A KIDDERMINSTER chef at one of the most historic inns in the West Midlands has been told he can go ahead with a compensation claim for disability discrimination against his employers - because he is allergic to nuts.

Edward Wheeldon, 30, of Stonechat Close, Kidderminster, told Birmingham Employment Tribunal he nearly died after being rushed to hospital after coming in contact with peanuts.

He said just the smell and touch of all types of nuts made him ill and caused a skin disorder.

Mr Wheeldon is a chef and relief manager at the 14th century Whittington Inn between Stourbridge and Kinver, which is famous for its link with Dick Whittington, who eventually became the Lord Mayor of London.

Mr Wheeldon seeks compensation for disability discrimination against Marston’s, the Midlands pub chain company which runs the Whittington. But Mr Wheeldon was told at the tribunal’s preliminary hearing that tribunal judge Mr Bryn Lloyd had first to decide whether an allergy to nuts was a disability before his compensation claim could go ahead.

Mr Tim Jones, representing Marston’s, opposed the claim and contested whether a nuts allergy was a disability.

Mr Wheeldon who is at present off work after 10 years employment, said the allergy had changed his life style and that Marston’s should make adjustments to help him carry out his work.

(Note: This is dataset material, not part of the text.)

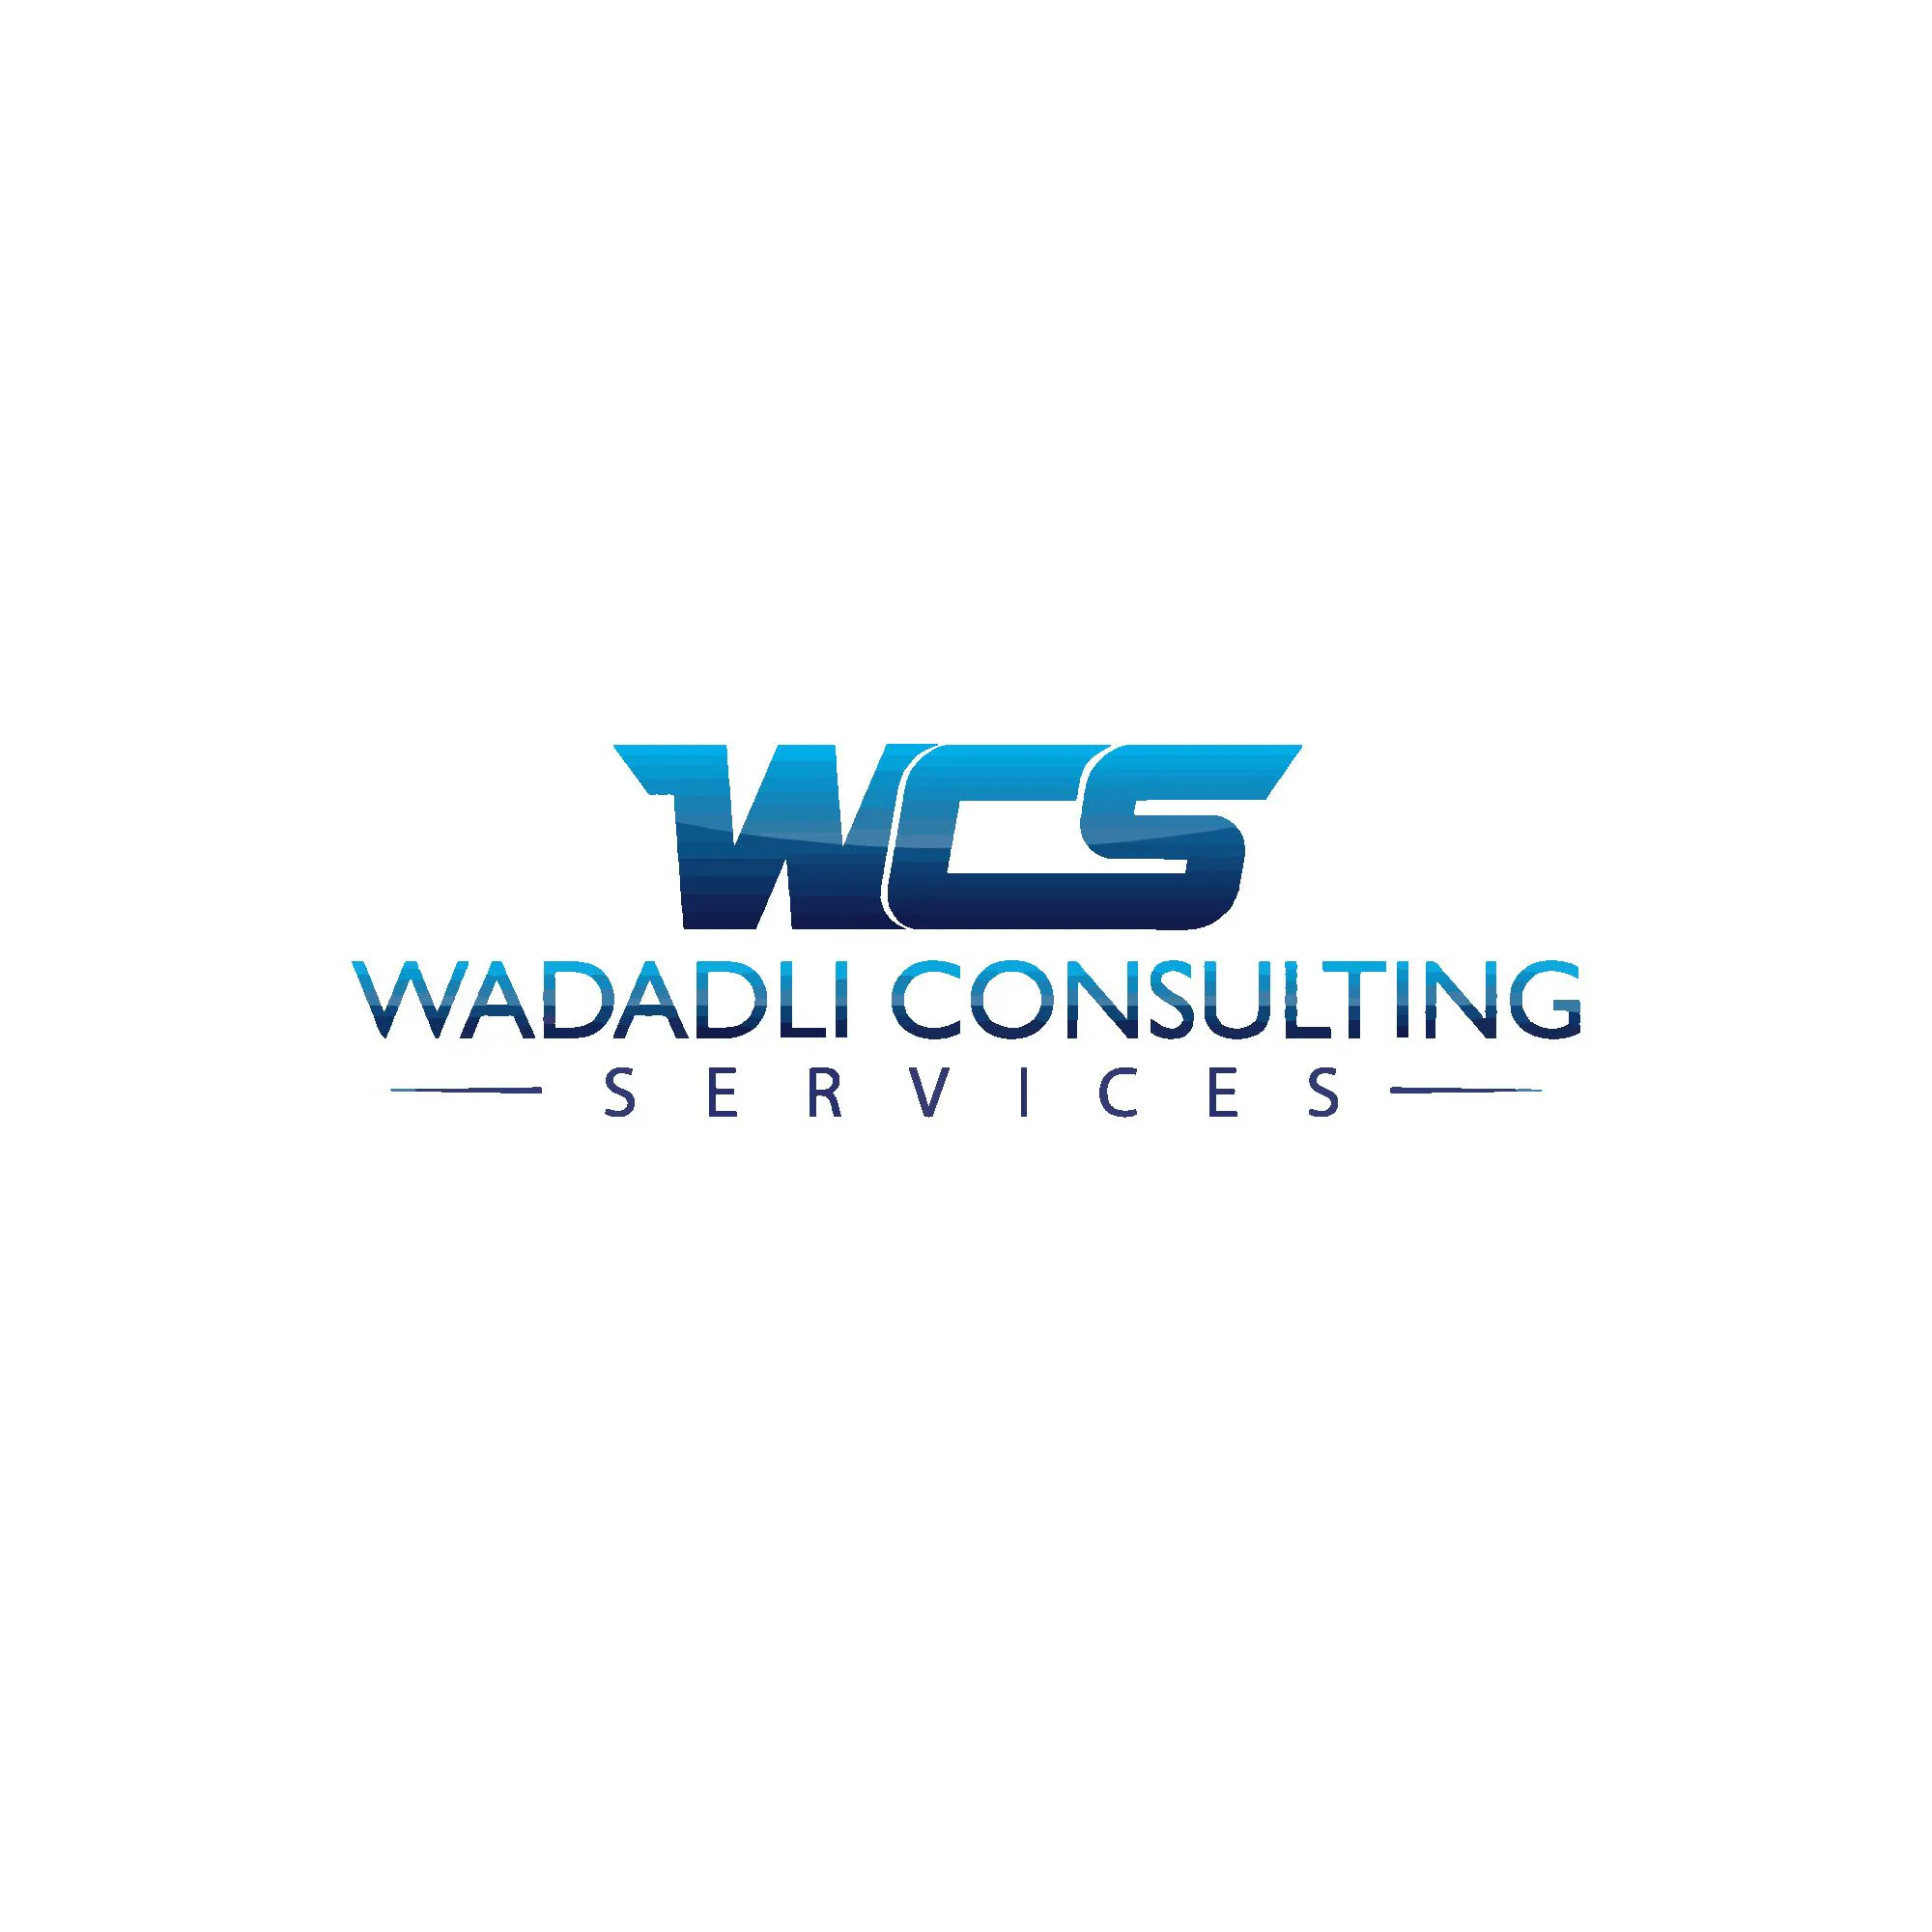 Wadadli Consulting Services logo

Mr Lloyd said he had not dealt with such a matter before but that his decision was that a nuts allergy was a disability.

He described Mr Wheeldon, a family man, as a credible young witness who had to alter his life style after discovering what was making him ill.

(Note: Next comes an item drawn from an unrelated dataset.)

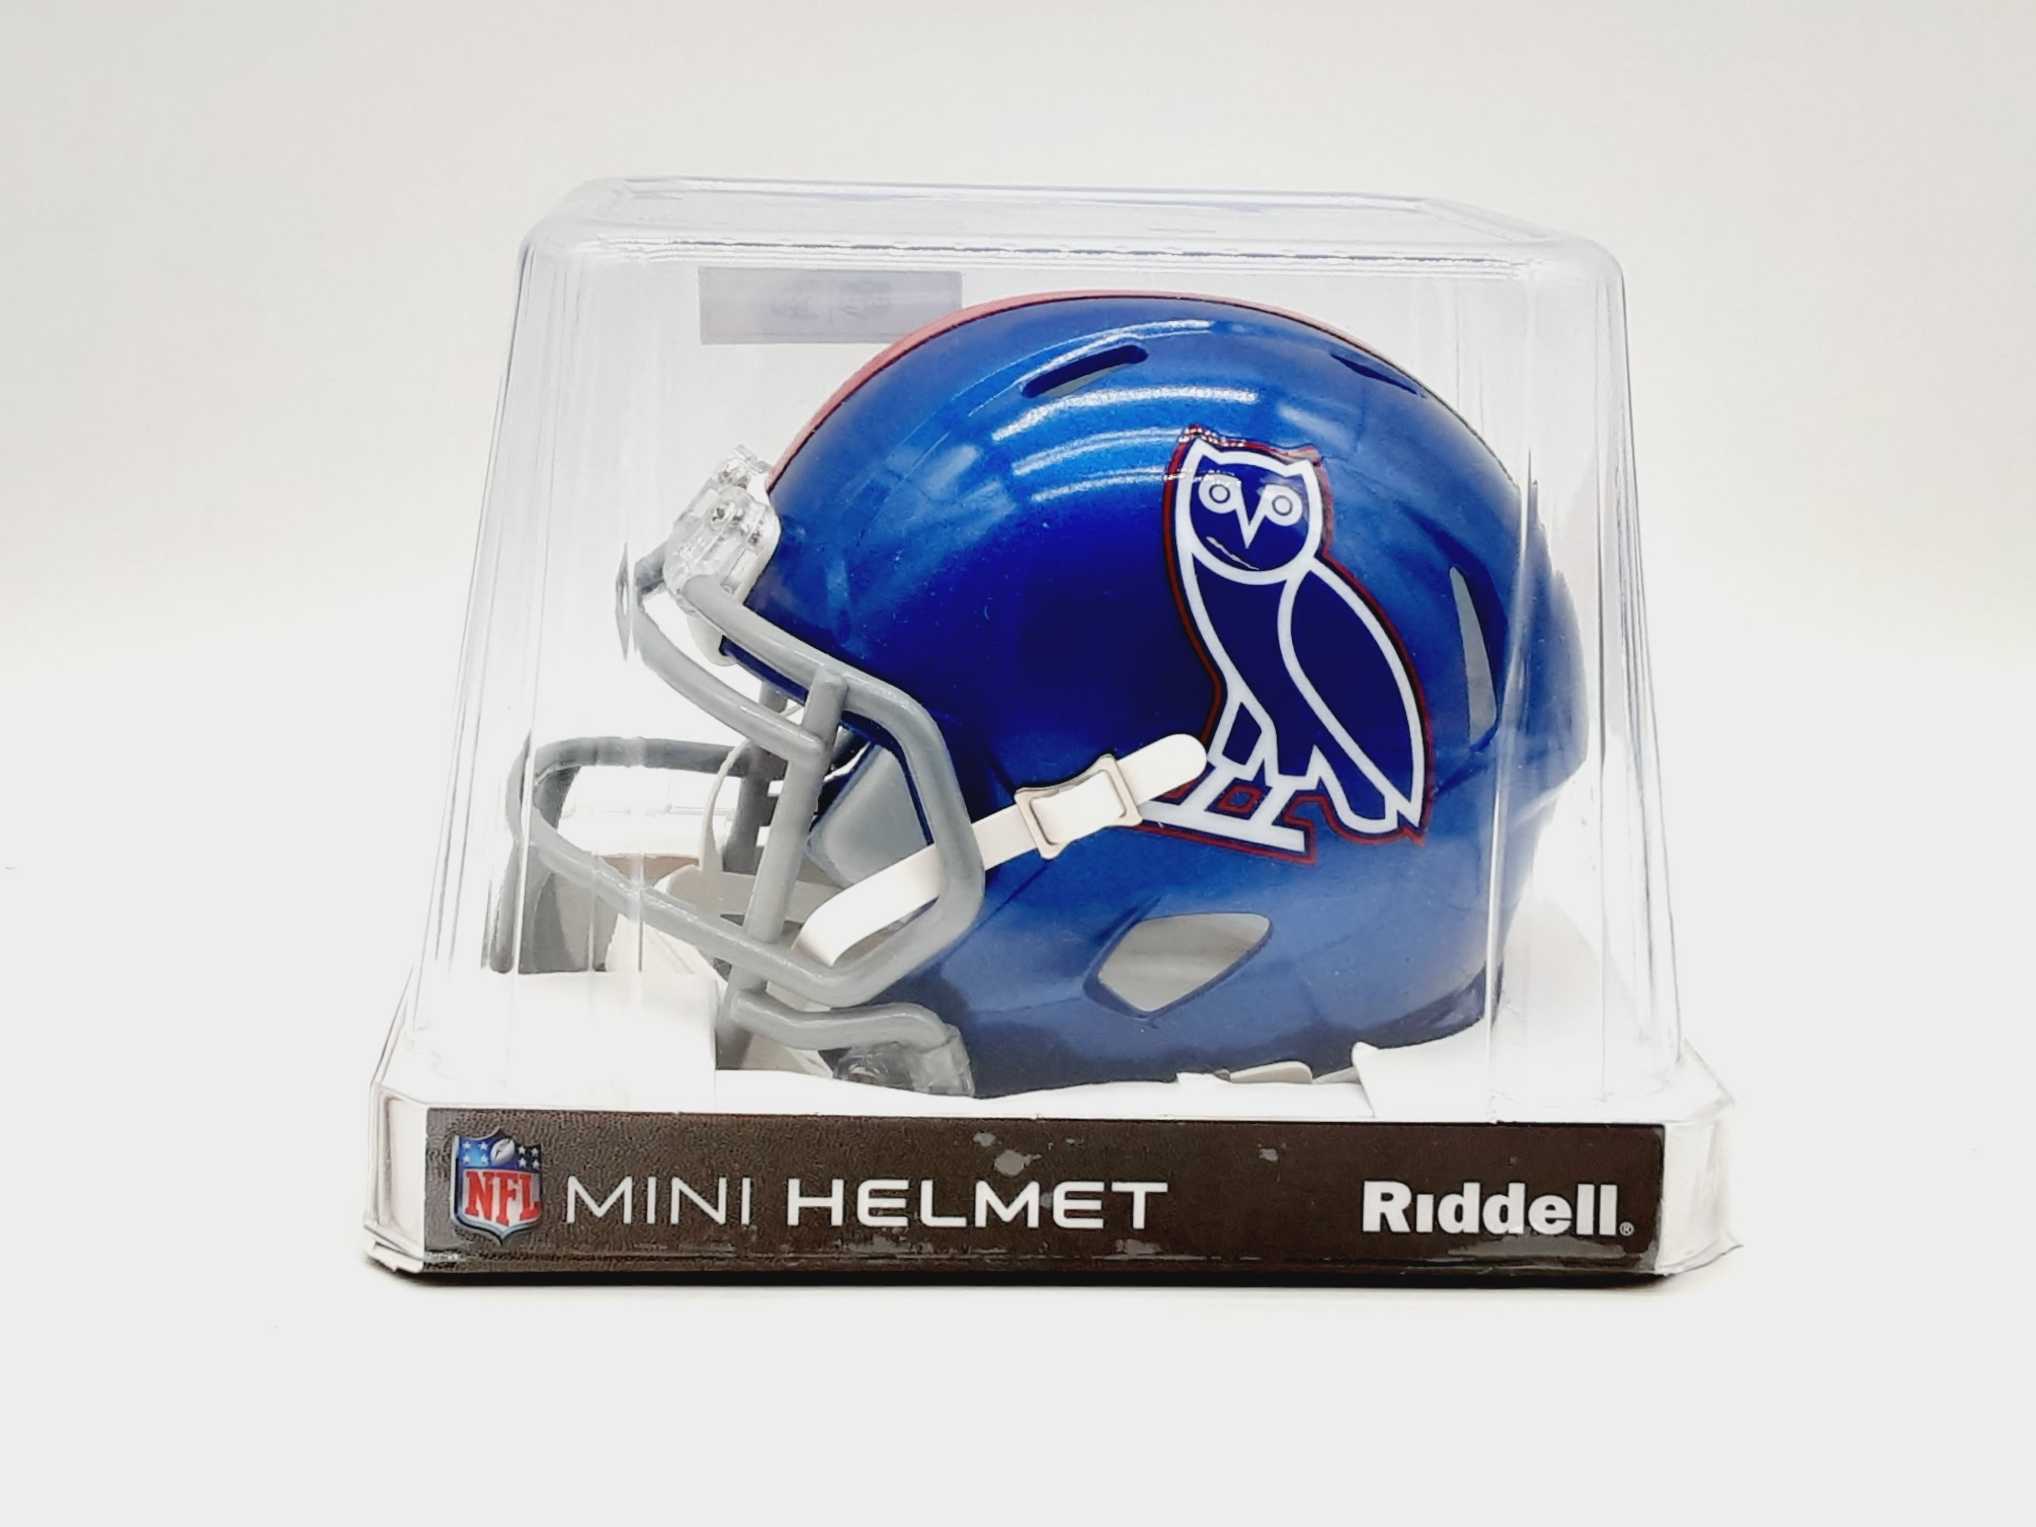 Nfl X Ovo New York Giants Mini Helmet Collectible Dolozde 144020002390

“Medical evidence had been provided and Mr Wheeldon’s diet has had to be changed,” said Mr Lloyd. “He also has to be careful when shopping for food and preparing it.

“His social life has also been restricted – even the smell and touch of nuts can cause his skin to flare up.”

Mr Lloyd said Mr Wheeldon could go ahead with his compensation claim for disability discrimination at a full tribunal hearing later this year – possibly over three days.

Mr Jones said the respondents would be opposing the hearing and would provide four witnesses.

Both he and Mr Wheeldon agreed to a suggestion, by Mr Lloyd, that they might first consider trying to reach an agreement at a private mediation meeting.